Somewhere along the line, Halloween stopped being a neighborhood thing and people started driving kids in from other towns and older and older ‘kids’. Now it’s a huge holiday with Halloween decorations second only to Christmas decorations in sales dollars. Where once it was just Indian corn on the door and scary hand carved pumpkins with candles in them (remember the smell of burnt pumpkin when the candle was too close to the top?) and MAYBE an old sheet draped to look like a ghost, but that would be considered ‘extreme decorating’ at the time. Now it’s fake headstones, expensive figures that stand up to 7 feet tall (Where do people store all this crap?), expensive costumes for adults and kids alike, and all these pre-lit fall/Halloween door and planter decorations. Just go online and look at the Grandin Road catalog or google ‘scary masks’ and check the price ranges – and most of them are intended for adults, not kids. Some places sell these action displays that run into the THOUSANDS of dollars! That’s all a bit much for me. A couple of small pumpkins and a pot of mums seems like enough.
Despite my childhood adoration of Donald Duck and the Witch, I’ve never been one to read real horror stories. Oh, I do read a few now and then, and the scariest book I ever read was Silence of the Lambs. I slept with the lights on for weeks – and I was well into my 20’s at the time. To this day I have NEVER watched that movie and I never will. Anthony Hopkins scared the hell out of me in the ads. Abbot and Costello Meet the Mummy is more my speed.

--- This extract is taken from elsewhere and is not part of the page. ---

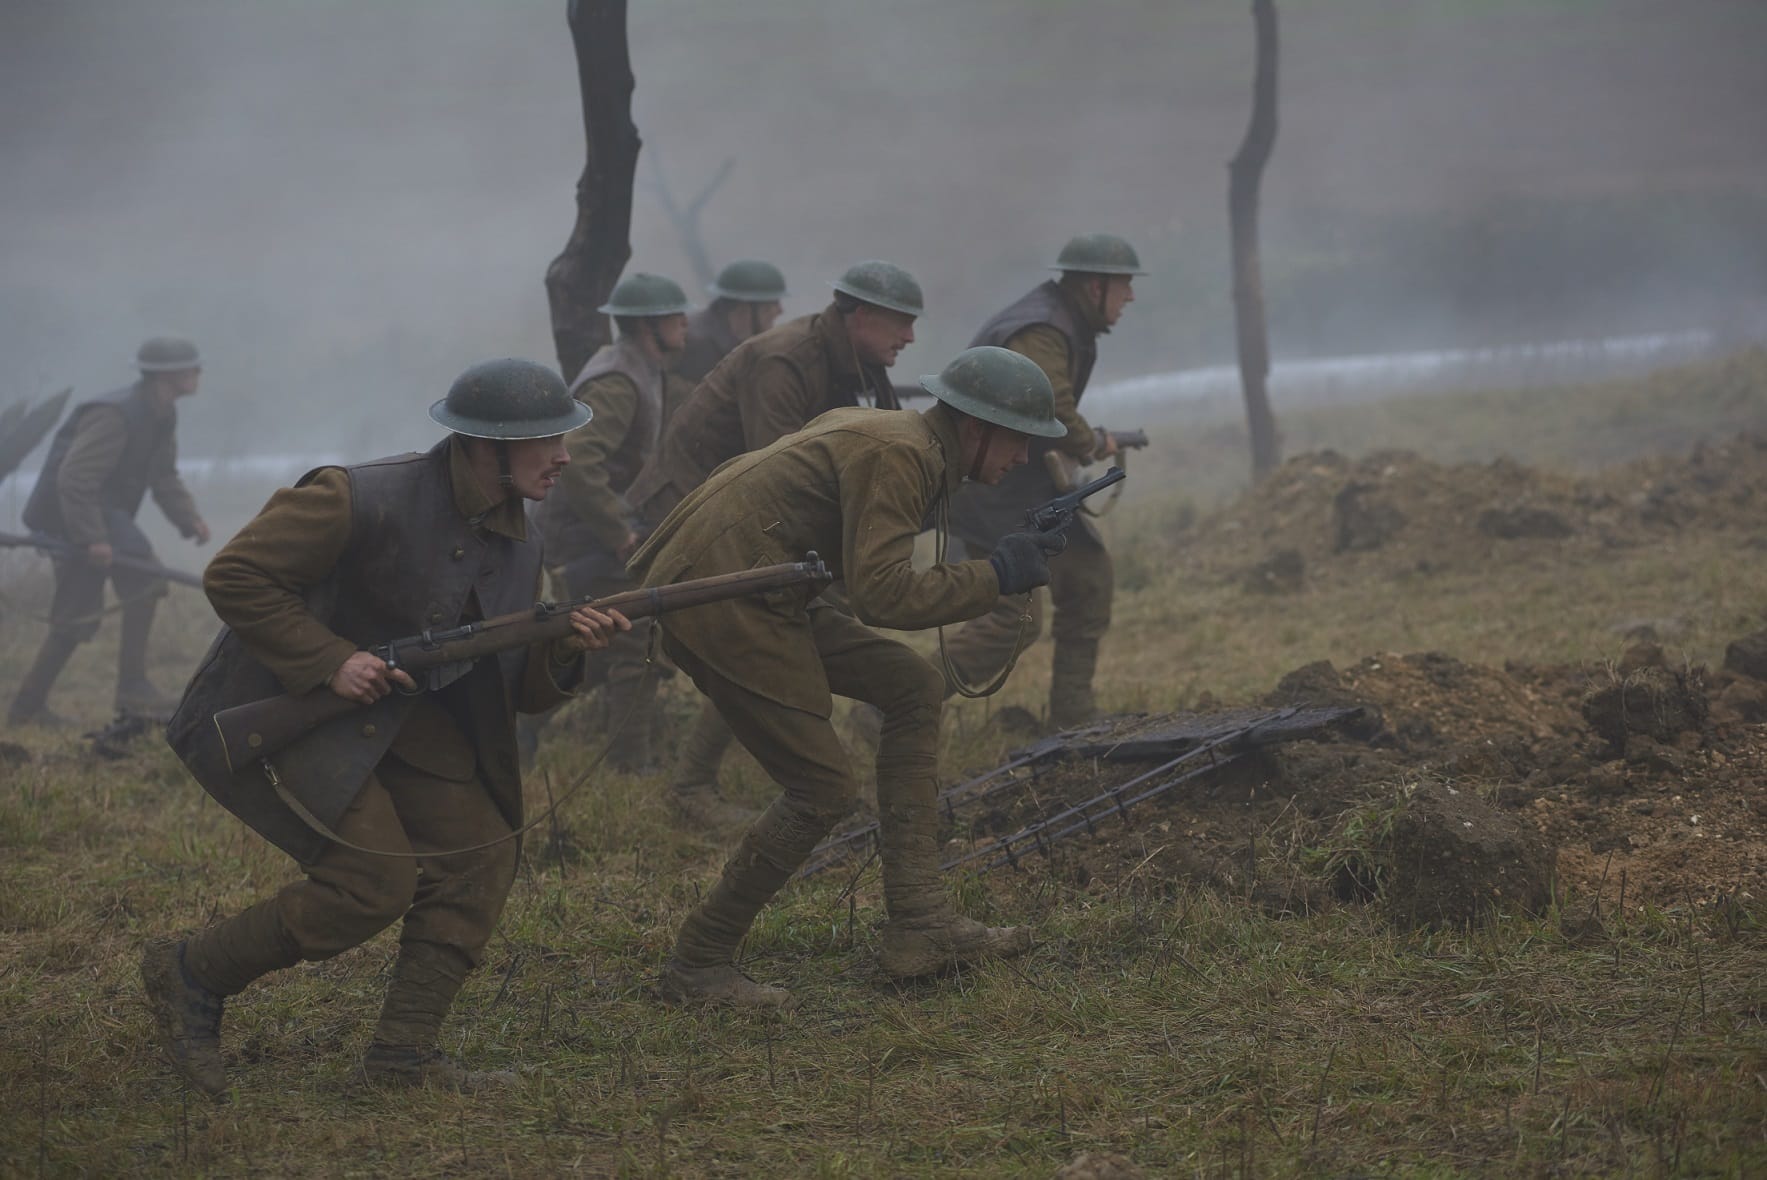 Tonbridge's Jack Holden reprises WWI roles in epic Journey's End

Yes, there are certain things that predispose me to watch a movie or read a book and by now we all know my #1 is – it makes me laugh. That means I’m a sucker for whacked humor, sardonic humor, wise-cracking, you name it. Yup, I like the early Terry Pratchett, Craig Shaw Gardner (You haven’t lived until you’ve had a co-worker pick up his bags and move to sit elsewhere in an airport lounge because you’re reading a book titled “Slaves of the Volcano God” complete with lurid cover.), Carl Hiaasen, early Janet Evanovich Plum books, Shelly Laurenston’s Pack and Pride series, Jennifer Crusie – especially Agnes and the Hitman with Bob Mayer, Julie Garwood’s early books, early Elvis Cole books by Robert Crais, Lindsey Davis’ Falco series and John Maddox Roberts SPQR series give humor a historical note. But none of these are actually humor. They are all other genres that have a sense of humor woven into the story – and often a main character trait. In many ways, it’s the unexpected laugh, the unexpected quip for the take-no-shit hero, or just the character interplay in the middle of a drama that makes it all seem more approachable and real. It’s also why some of my favorite movies are things like Raiders of the Lost Ark, True Lies, Some Like It Hot, and the corny, over-the-top The Great Race (with the BEST pie fight ever filmed – click here) and many others. And yes, I do own the DVD of Abbot and Costello Meet the Mummy and The Great Race. Just go ahead and laugh and get it out of your systems.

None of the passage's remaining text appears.